자세 추정 (Pose Estimation)

import mediapipe as mp
import cv2

mp_pose = mp.solutions.pose

def calculate_angle(a, b, c):
    """세 점으로 각도 계산"""
    import numpy as np
    a = np.array(a)
    b = np.array(b)
    c = np.array(c)

    radians = np.arctan2(c[1] - b[1], c[0] - b[0]) - \
              np.arctan2(a[1] - b[1], a[0] - b[0])
    angle = np.abs(radians * 180.0 / np.pi)

    if angle > 180.0:
        angle = 360 - angle
    return angle

cap = cv2.VideoCapture(0)

with mp_pose.Pose(
    min_detection_confidence=0.5,
    min_tracking_confidence=0.5,
    model_complexity=1  # 0: Lite, 1: Full, 2: Heavy
) as pose:
    while cap.isOpened():
        ret, frame = cap.read()
        if not ret:
            break

        rgb_frame = cv2.cvtColor(frame, cv2.COLOR_BGR2RGB)
        results = pose.process(rgb_frame)
        frame = cv2.cvtColor(rgb_frame, cv2.COLOR_RGB2BGR)

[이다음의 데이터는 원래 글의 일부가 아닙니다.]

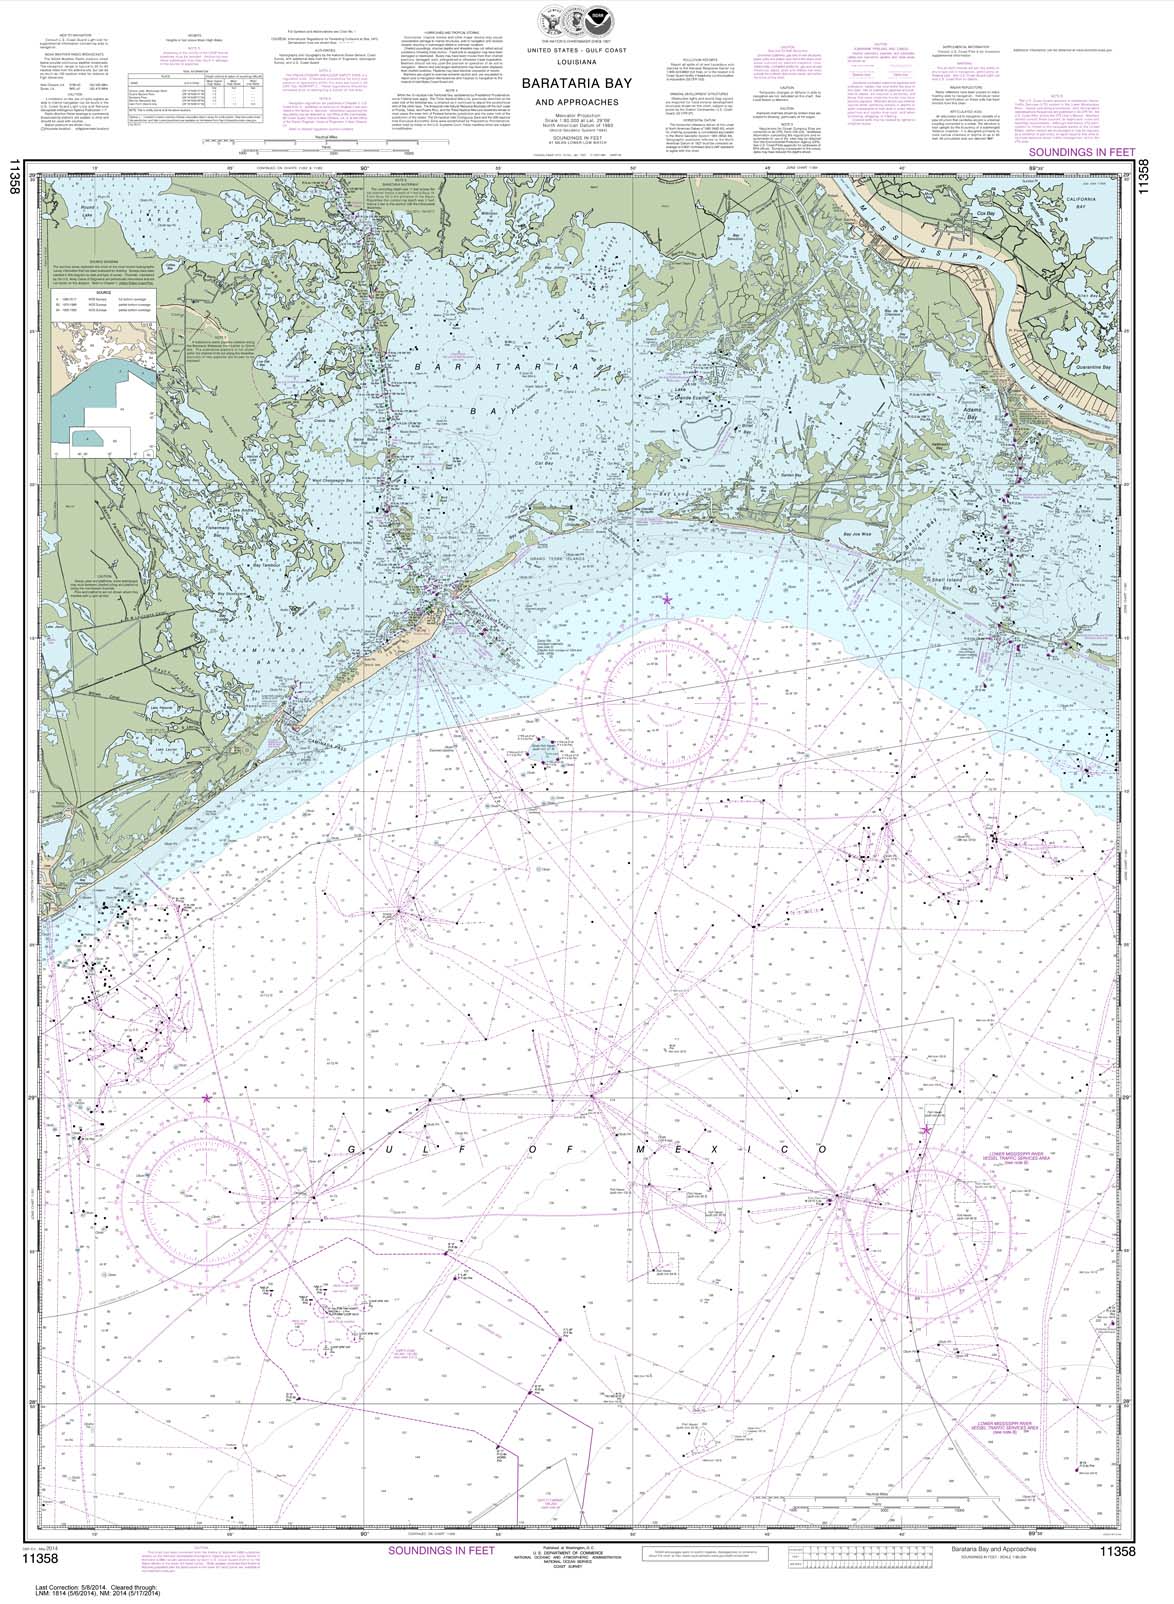 NOAA Chart 11358: Barataria Bay and approaches

        if results.pose_landmarks:
            landmarks = results.pose_landmarks.landmark
            h, w, _ = frame.shape

            # 팔꿈치 각도 계산
            shoulder = [landmarks[mp_pose.PoseLandmark.LEFT_SHOULDER.value].x * w,
                       landmarks[mp_pose.PoseLandmark.LEFT_SHOULDER.value].y * h]
            elbow = [landmarks[mp_pose.PoseLandmark.LEFT_ELBOW.value].x * w,
                    landmarks[mp_pose.PoseLandmark.LEFT_ELBOW.value].y * h]
            wrist = [landmarks[mp_pose.PoseLandmark.LEFT_WRIST.value].x * w,
                    landmarks[mp_pose.PoseLandmark.LEFT_WRIST.value].y * h]

            angle = calculate_angle(shoulder, elbow, wrist)
            cv2.putText(frame, f"팔꿈치 각도: {angle:.1f}도",
                       (int(elbow[0]), int(elbow[1])),
                       cv2.FONT_HERSHEY_SIMPLEX, 0.8, (0, 255, 0), 2)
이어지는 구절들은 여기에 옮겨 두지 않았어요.